Не отыскали. Ни фото, ни симки, ни карты памяти, ни какой-либо информации, которая хотя бы поверхностно дала представление о том, чем занималась Кама. Помимо номеров сотовой связи существуют еще и домашние номера, рабочие, которые не всегда вносят в мобилу, а для удобства пишут в специальном блокноте, некоторые – вообще на стене. Под стационарным телефонным аппаратом лежал единственный лист с десятком номеров-справок: автовокзала, железнодорожного и пригородного вокзалов, фирм такси, магазинов…
Вовчик залез в машину Артема, собираясь по дороге поделиться своими соображениями, но открылась задняя дверца, и в салон забрался Валентин:
– Ребята, подбросьте к прокуратуре.
– Нет, сначала сел, а потом просит, – недовольно пробубнил Вовчик. – Между прочим, кто недавно заказывал труп? Желание исполнено, но при чем здесь мы? Париться-то нам придется. Трогай, Артем, не выгонять же его.
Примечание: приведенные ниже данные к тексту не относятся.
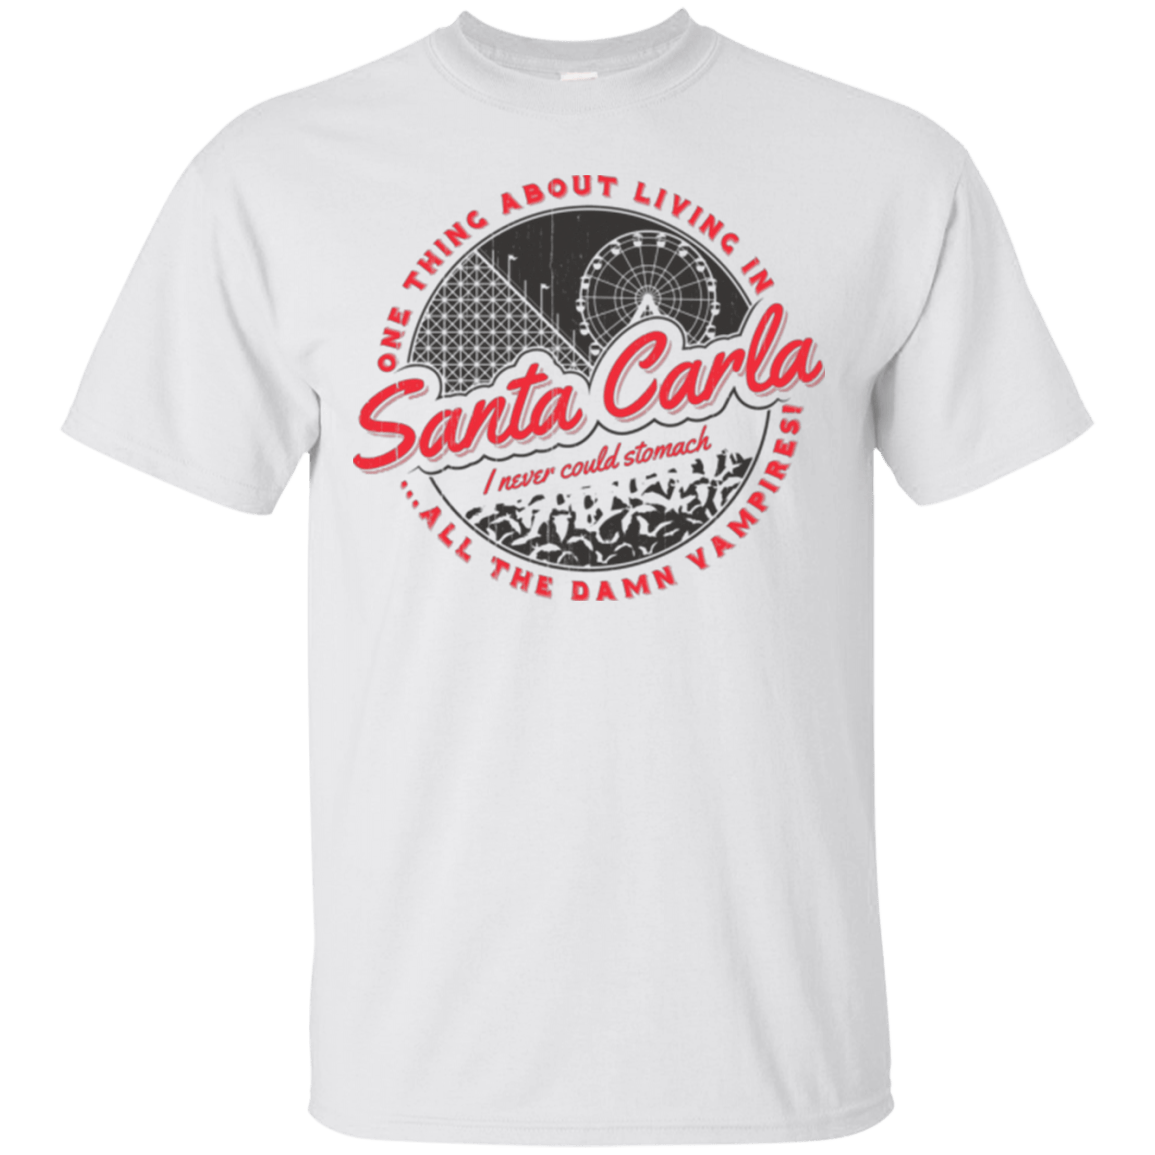 Living in Santa Carla T-Shirt – Pop Up Tee

– Вам же по пути, – не обиделся Валентин. – Заодно обсудим план работы. У меня подозрение, что убитая только по свиданиям шастала.
– Может, она дистрибьютор, – возразил Вовчик. – Эти промоутеры всяческого барахла как раз имеют свободный график и постоянно встречаются с лохами, но…
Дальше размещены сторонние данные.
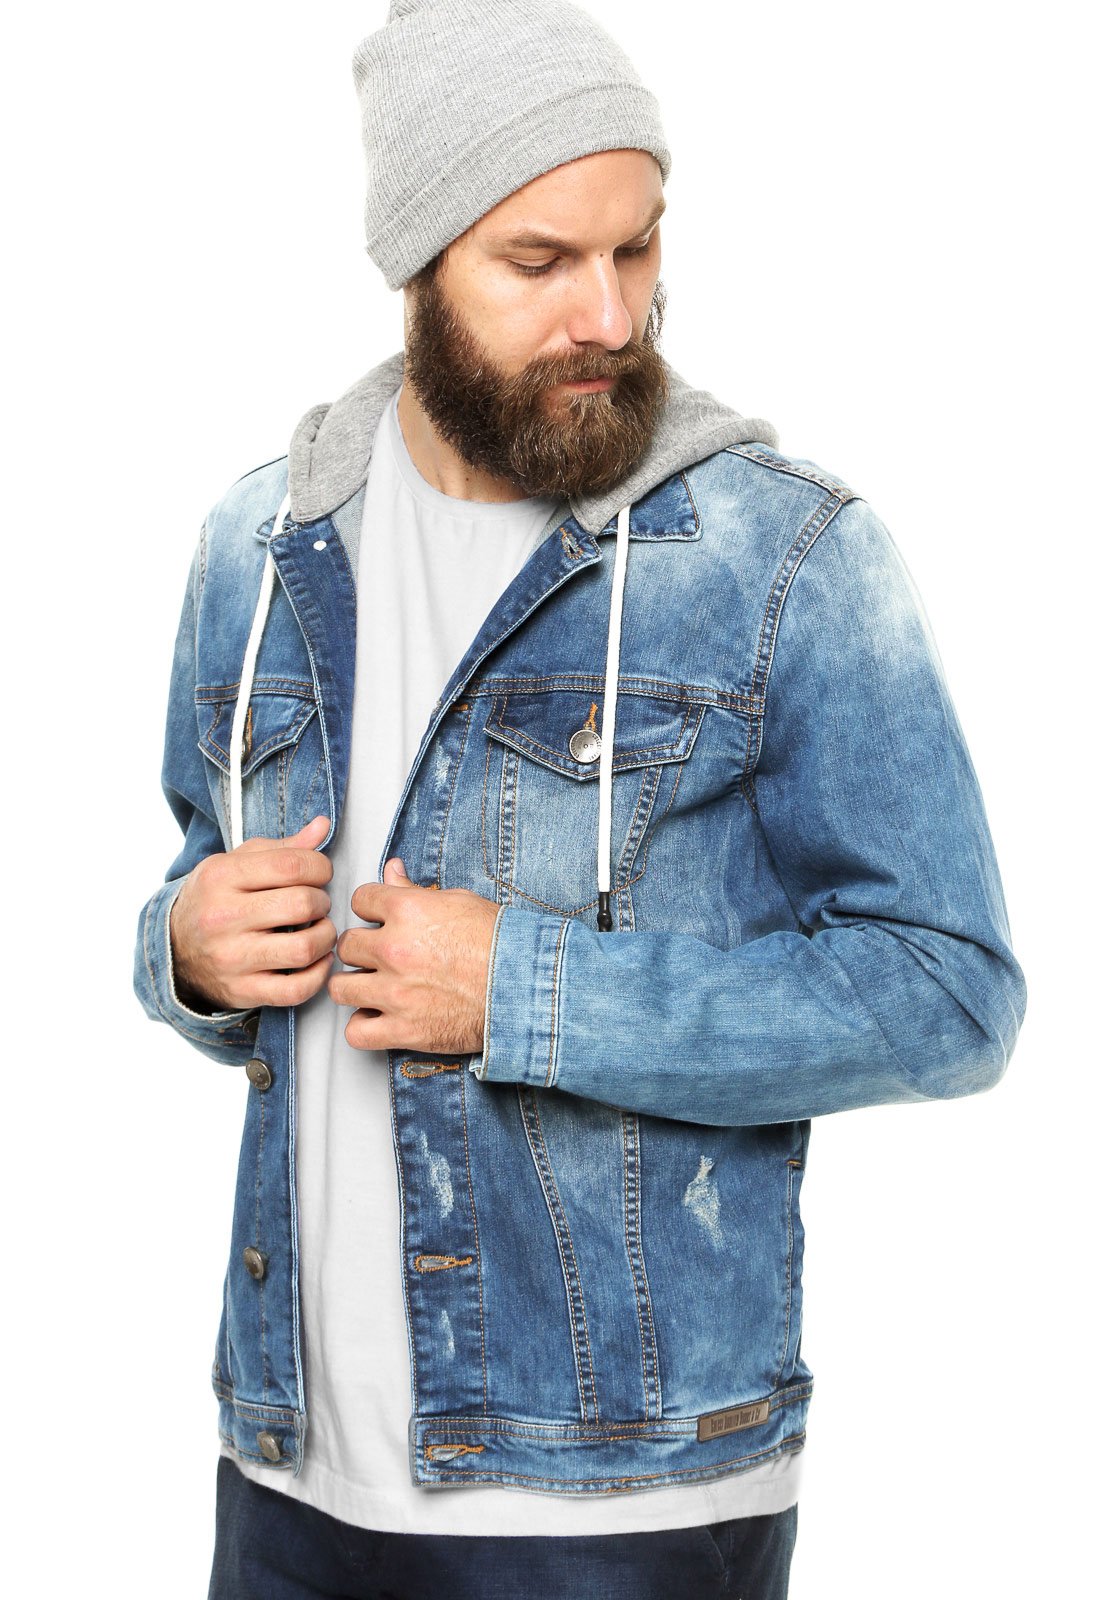 jaqueta jeans masculina dafiti

– Вот именно: но, – перебил Артем, отъезжая от злополучного дома. – Подтверждения о дистрибьюторской деятельности нет, в противном случае мы бы нашли рекламные брошюры, как ты говоришь, барахла, которое она впаривала.
– А вы заметили… – Валентин придвинулся ближе к первым сиденьям, адресовав вопрос конкретно Артему: – В расписании Камиллы девяносто процентов встреч с мужчинами.
– И что? У тебя есть версии?
– Конечно, есть, – хмыкнул Вовчик. – Камилла проститутка.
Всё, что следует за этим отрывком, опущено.